** INFORMATION SUPPLIED follows **

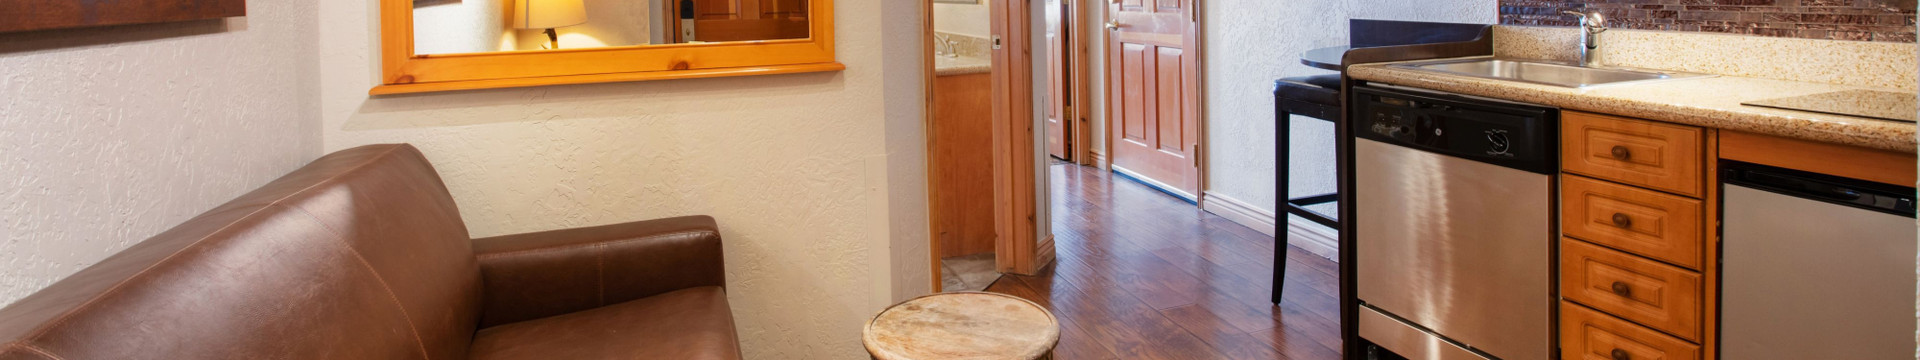 Suites at our Park City, Utah Hotel and Ski Resort | Bedroom in Signature Suite
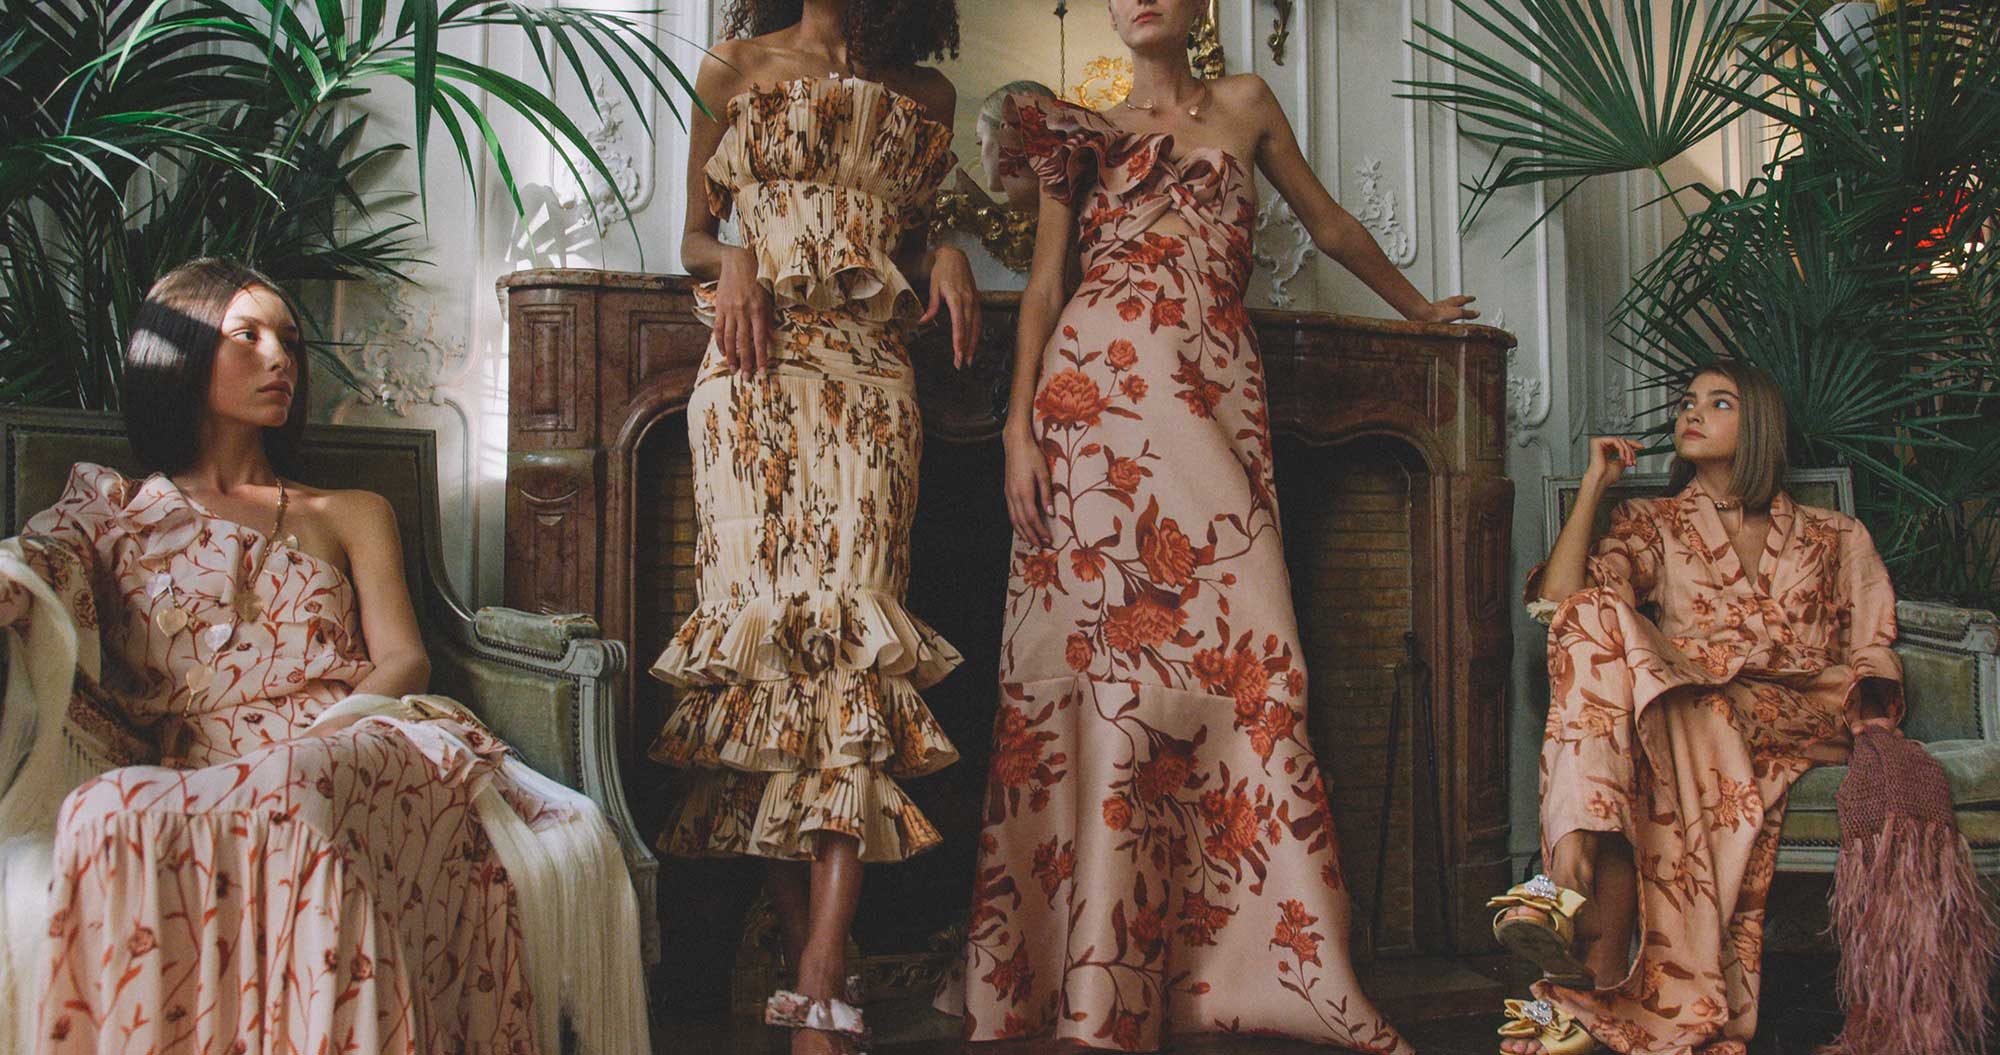 Johanna Ortiz Spring Summer 2019 Presentation Paris Fashion Week34.jpg
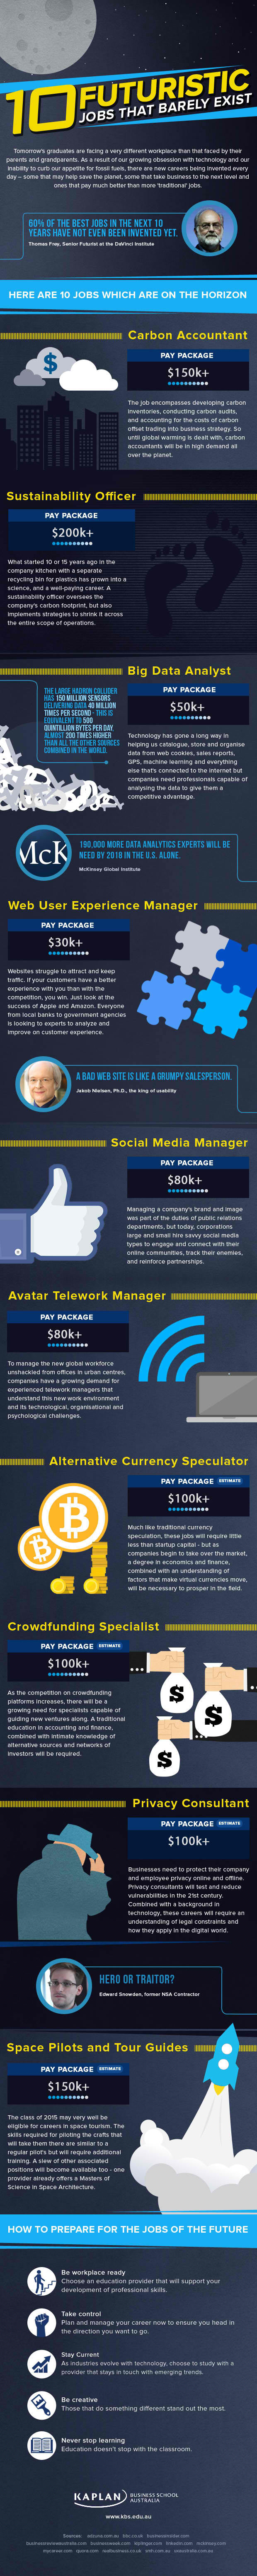 Futuristic jobs infographic

** End of INFORMATION SUPPLIED **

■ PROBLEM STATEMENT ■
Starting at the line that holds "Johanna Ortiz Spring" and stopping at the last line of the listing above, write out each line exactly as it appears, and omit the pictures.

■ ANSWER AREA ■
 Johanna Ortiz Spring Summer 2019 Presentation Paris Fashion Week34.jpg
 Futuristic jobs infographic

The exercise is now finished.